After his conviction and sentence, the appellant appealed to the superior court only against sentence. At the hearing of his appeal before the superior court, he chose to present written submissions. The first line of those submissions read:

“Your Lordship, I the appellant herein do appeal against the sentence only.”

Indeed, the record shows as is indicated by the first line in the judgment of the superior court that the appeal was against sentence only. After hearing the appeal on sentence, the learned Judge of the superior court dismissed the same, noting that the trial court had exercised its discretion according to law.

The appellant now comes before this Court on a second appeal, and he drew up the memorandum of appeal in person citing the following three grounds of appeal:

“1.     That the learned High Court Judge erred in law in upholding the conviction and failed to appreciate that the evidence before the court did not support such decision.

2.      That the learned High Court Judge further erred in law in upholding the conviction and doing nothing about the sentence after taking a(sic)judicial notice that it was a long sentence.

3.      That the learned High Court Judge also erred in law in confirming the trial Courts decision whereas the prosecution did not prove its case beyond all shadow of doubt.”

Subsequently, on 23rd October, 2009 he filed a supplementary memorandum of appeal through his counsel, Mr.

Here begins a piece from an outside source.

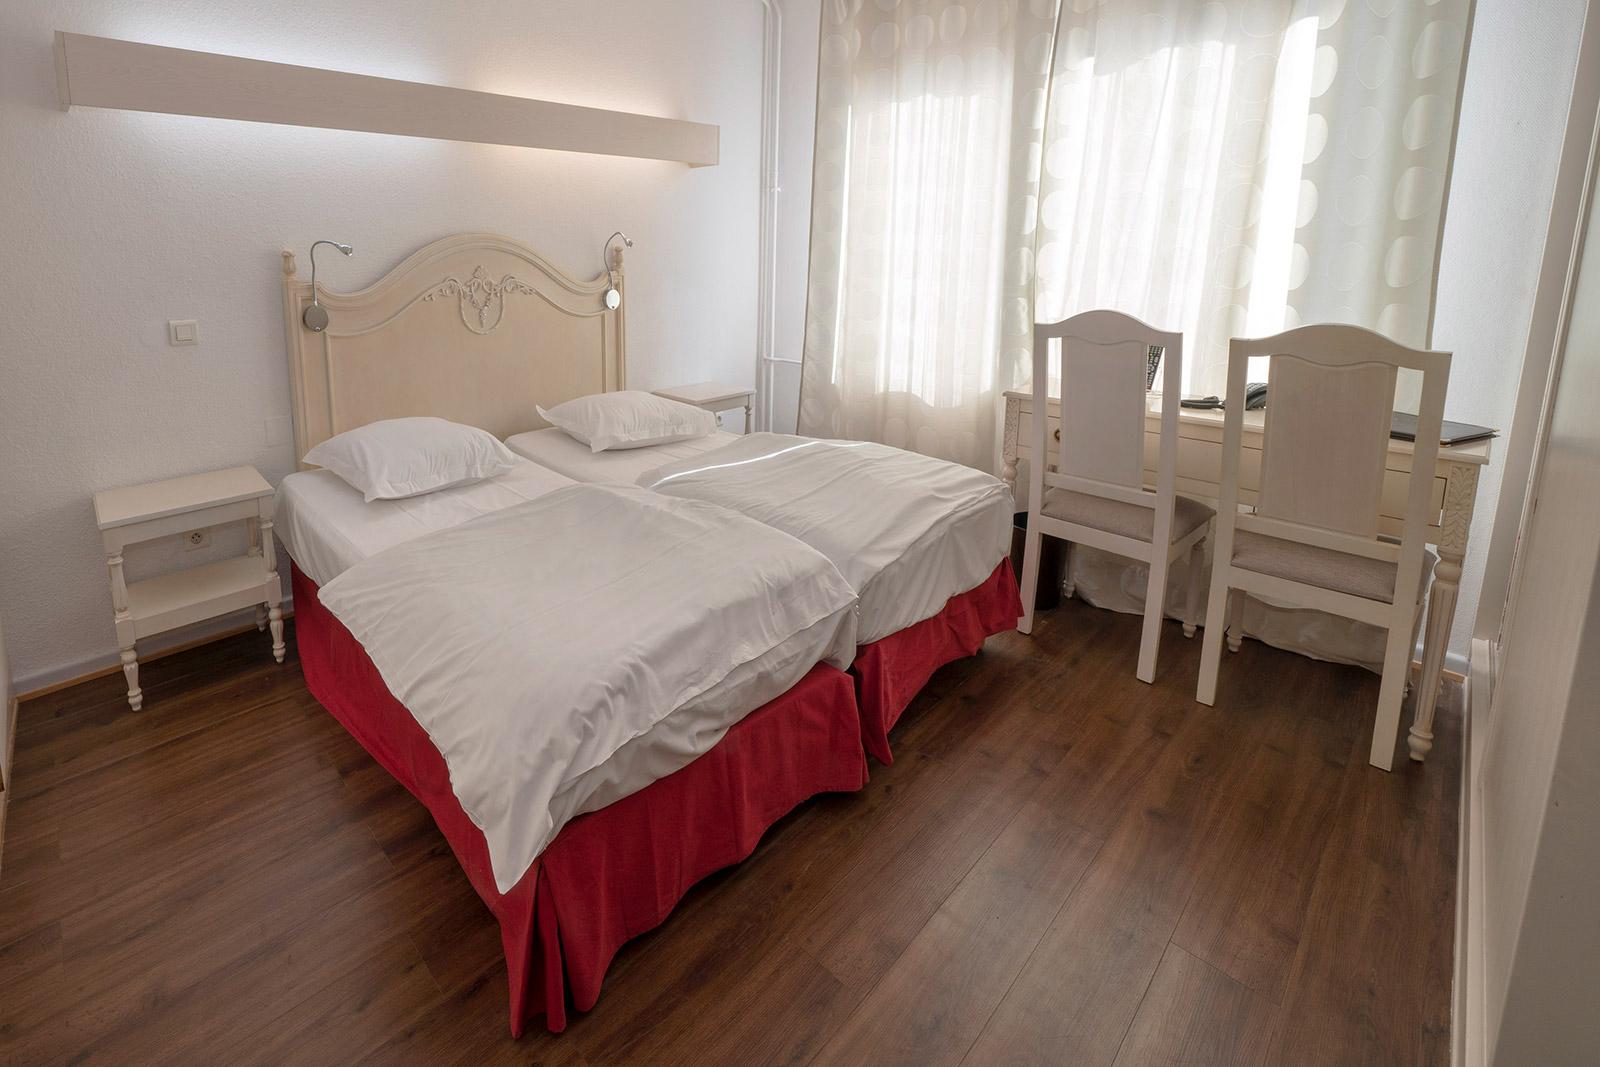 Hotel Majestic Alsace
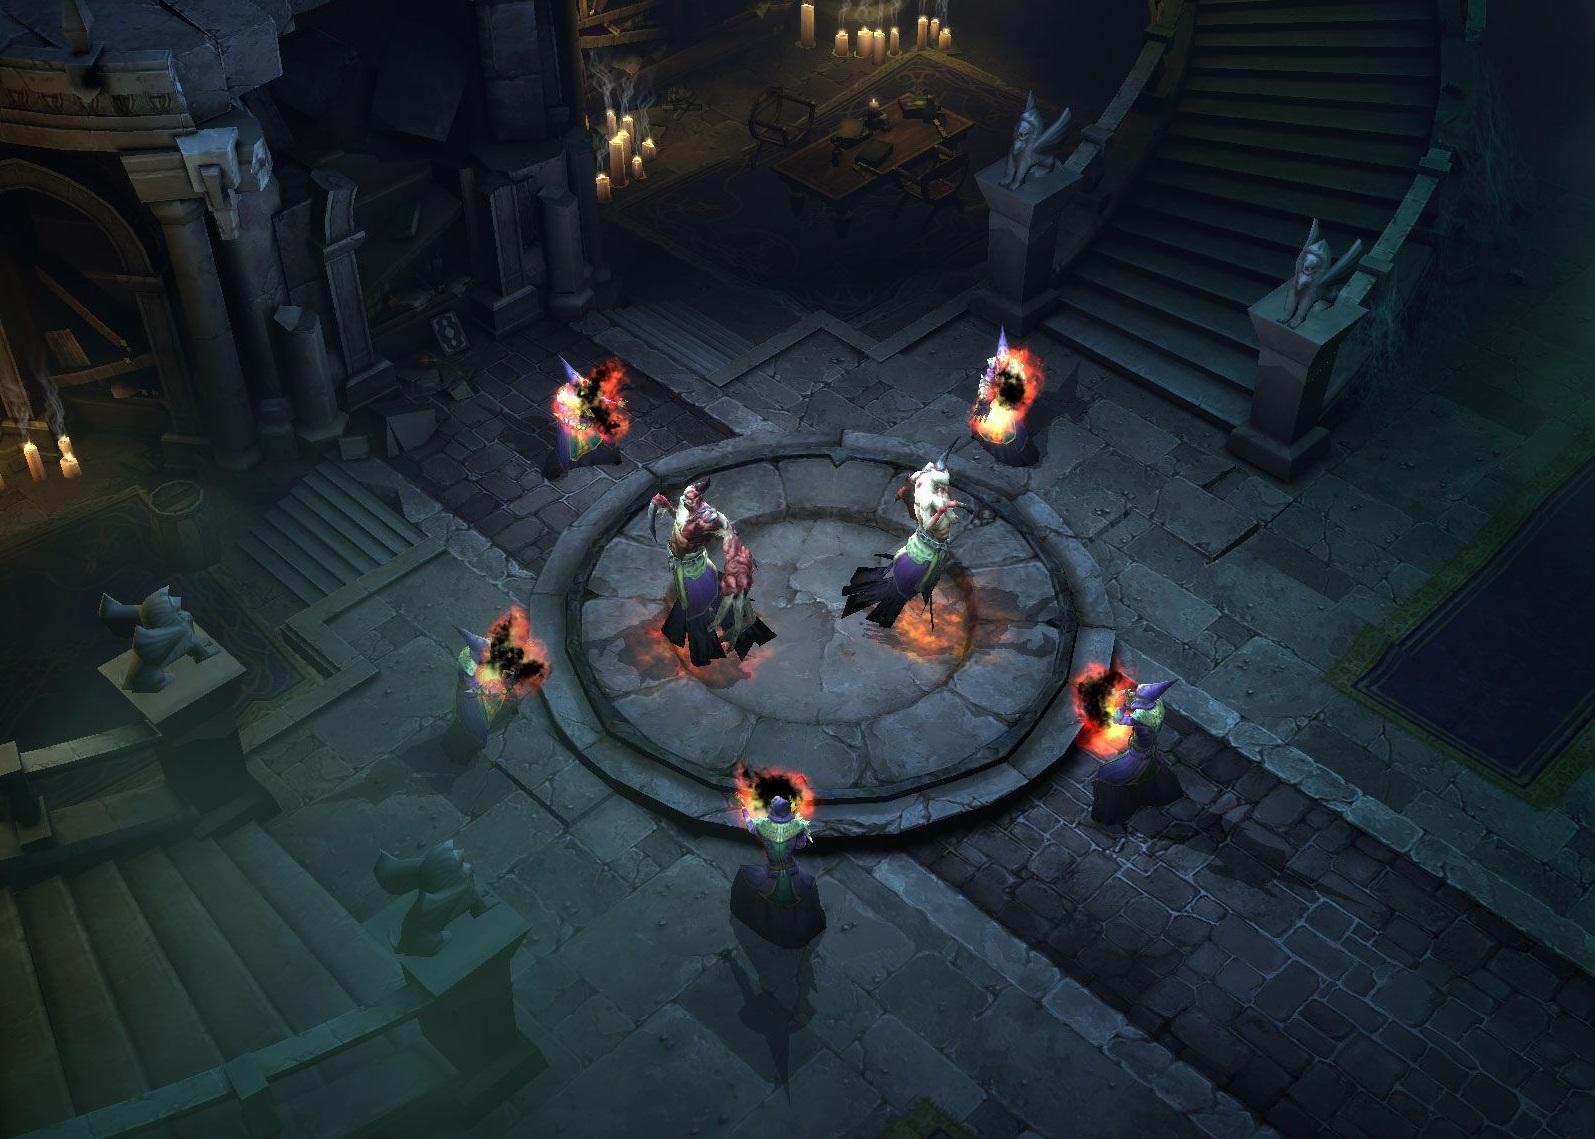 Diablo 3 Pc Download Free Full Version Game Torrent Highly Compressed

Martin O. Obuo, in which he cited the following three grounds of appeal:

“1.     THAT the learned Judge erred in law in failing to find that the alleged substance used in the alleged attack was not taken for analysis to establish its identity and whether it was capable for inflicting harm as alleged.

2.      THAT failure to call the government chemical analyst without any explanation from the prosecution was fatal to its case.

3.      THAT the learned Judge erred in law in not finding that the trial court did not comply with the mandatory provisions of section 211 of the Criminal Procedure Code.”

Mr. Obuo, learned counsel for the appellant, conceded before us that indeed the appellant’s appeal before the superior court was against sentence only, and not conviction. The appellant abandoned his appeal against conviction before the superior court, and cannot now raise grounds to challenge conviction. And in so far as his appeal against sentence is concerned, as correctly submitted by the learned State Counsel, Mr. Victor Mule, the appeal does not lie to this Court under section 361 of the Criminal Procedure Code. The learned counsel for the appellant conceded that there is nothing unlawful about the sentence imposed on the appellant, only that it is harsh and excessive. However, we must point out that the appropriate sentence to be meted out in any particular case is basically an exercise in discretion by a trial court. An appellate court is only entitled to interfere with the exercise of such discretion where it is shown that in coming to the sentence, the trial court took into account an irrelevant factor or failed to take into account a relevant factor or failed to appreciate the nature of the evidence or that looked at dispassionately, the sentence is harsh and excessive, as the appellant has asserted in this appeal.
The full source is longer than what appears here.